▸ Problem
Reproduce only the lines of the material below that start at the line containing "BOURG EN BRESSE" and stop at the line containing "Neuer Weg (NW), Organ". Keep both end lines.

▸ Dataset content
((
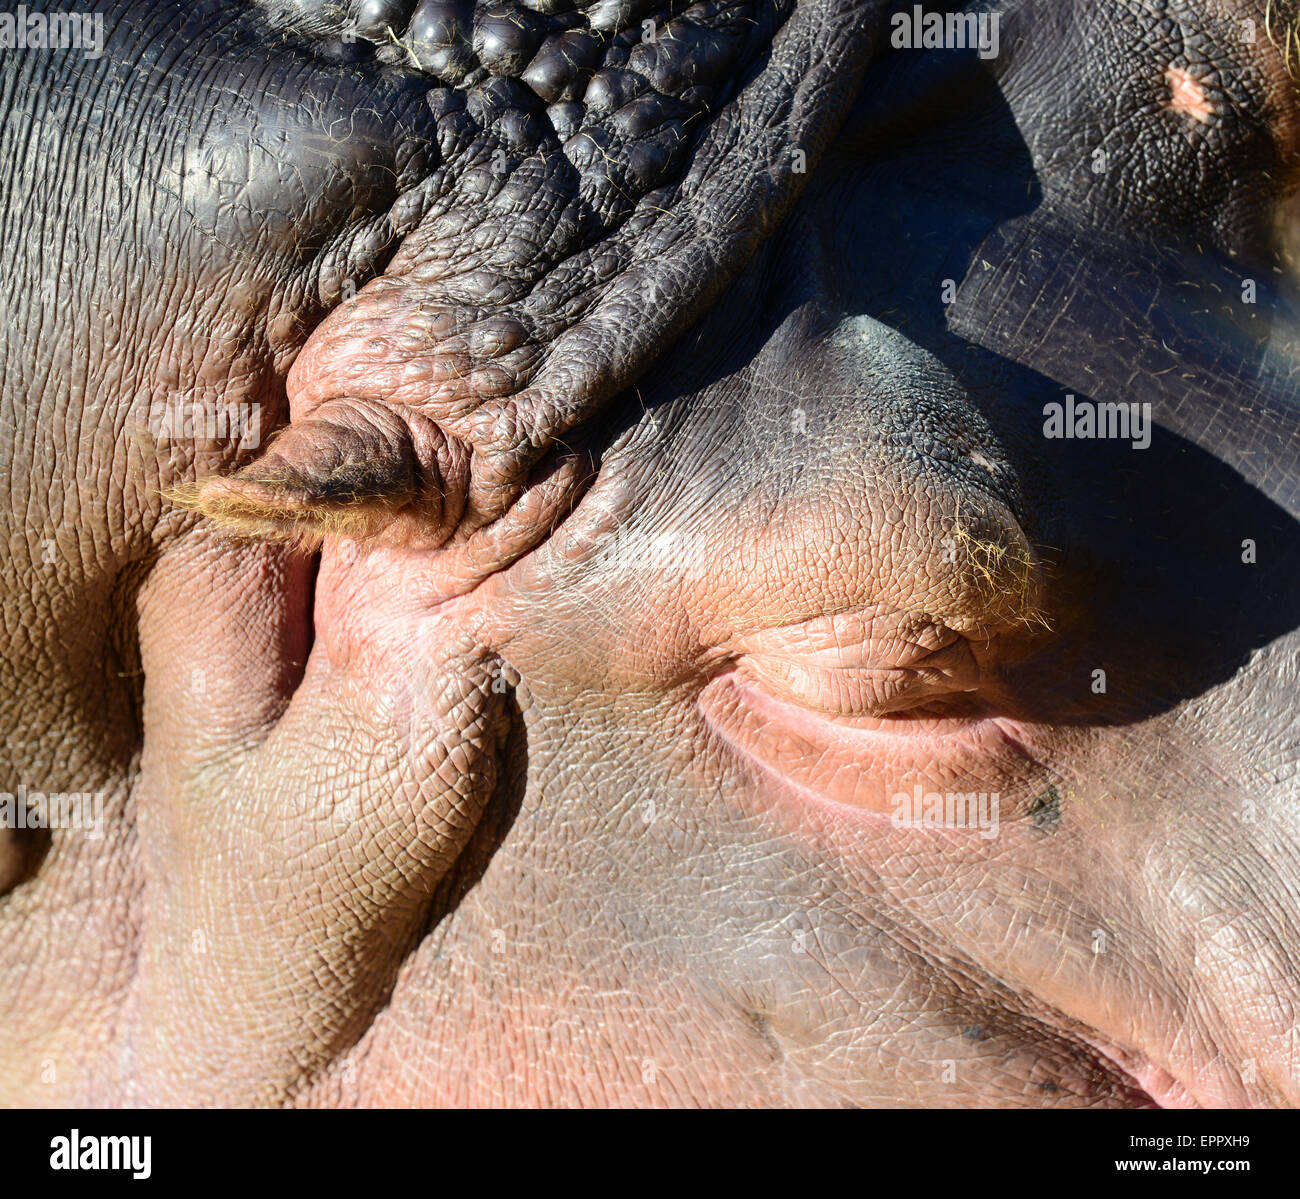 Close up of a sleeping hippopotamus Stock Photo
))
((
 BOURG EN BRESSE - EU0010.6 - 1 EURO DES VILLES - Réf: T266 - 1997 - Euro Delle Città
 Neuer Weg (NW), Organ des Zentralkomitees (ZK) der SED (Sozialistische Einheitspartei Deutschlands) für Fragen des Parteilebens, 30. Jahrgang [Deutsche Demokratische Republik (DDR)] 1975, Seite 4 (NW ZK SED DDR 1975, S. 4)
))
((
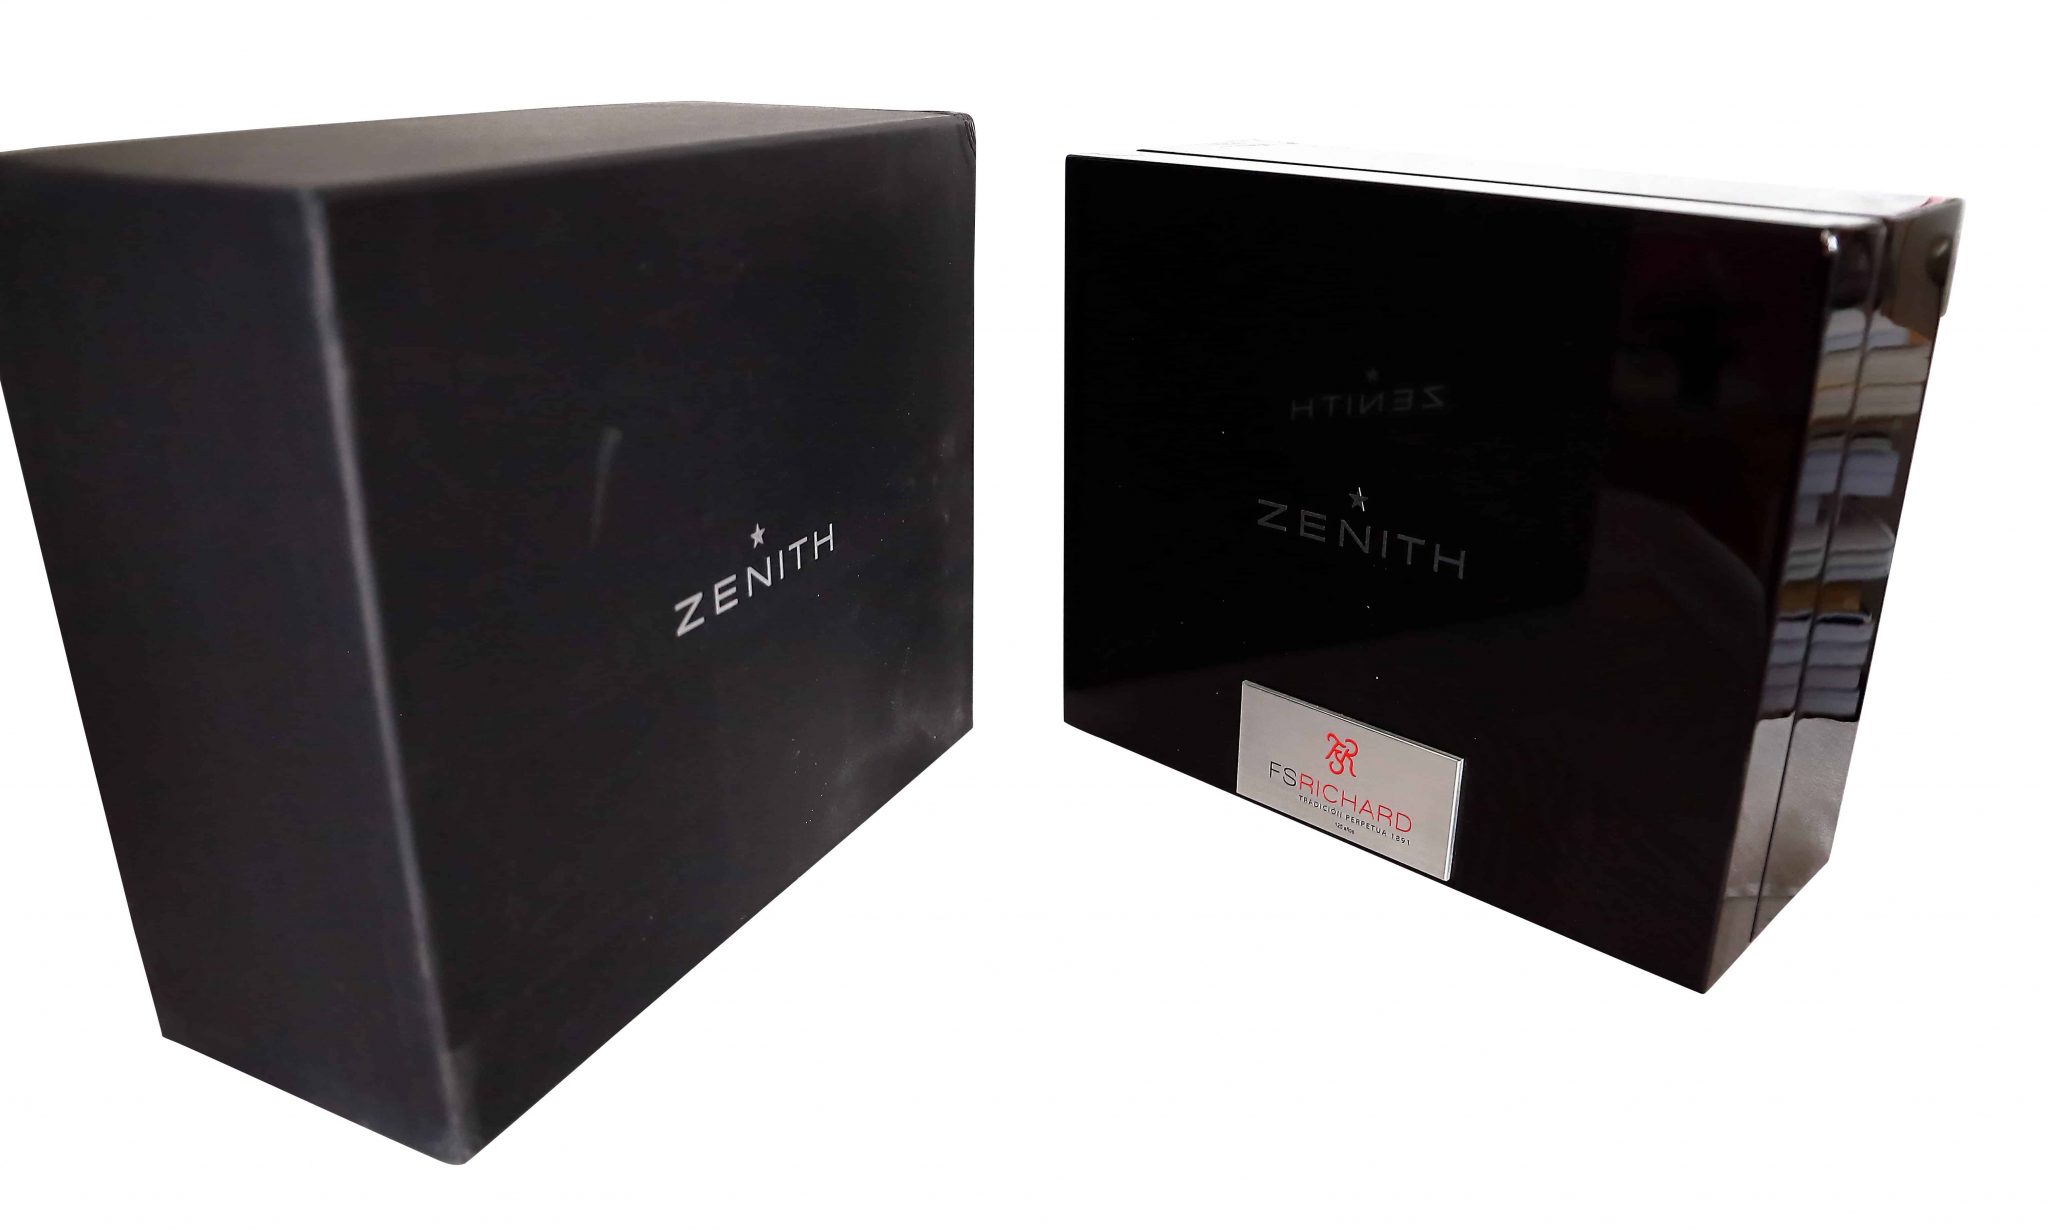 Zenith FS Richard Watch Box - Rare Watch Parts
))
▸ Solution to this task
 BOURG EN BRESSE - EU0010.6 - 1 EURO DES VILLES - Réf: T266 - 1997 - Euro Delle Città
 Neuer Weg (NW), Organ des Zentralkomitees (ZK) der SED (Sozialistische Einheitspartei Deutschlands) für Fragen des Parteilebens, 30. Jahrgang [Deutsche Demokratische Republik (DDR)] 1975, Seite 4 (NW ZK SED DDR 1975, S. 4)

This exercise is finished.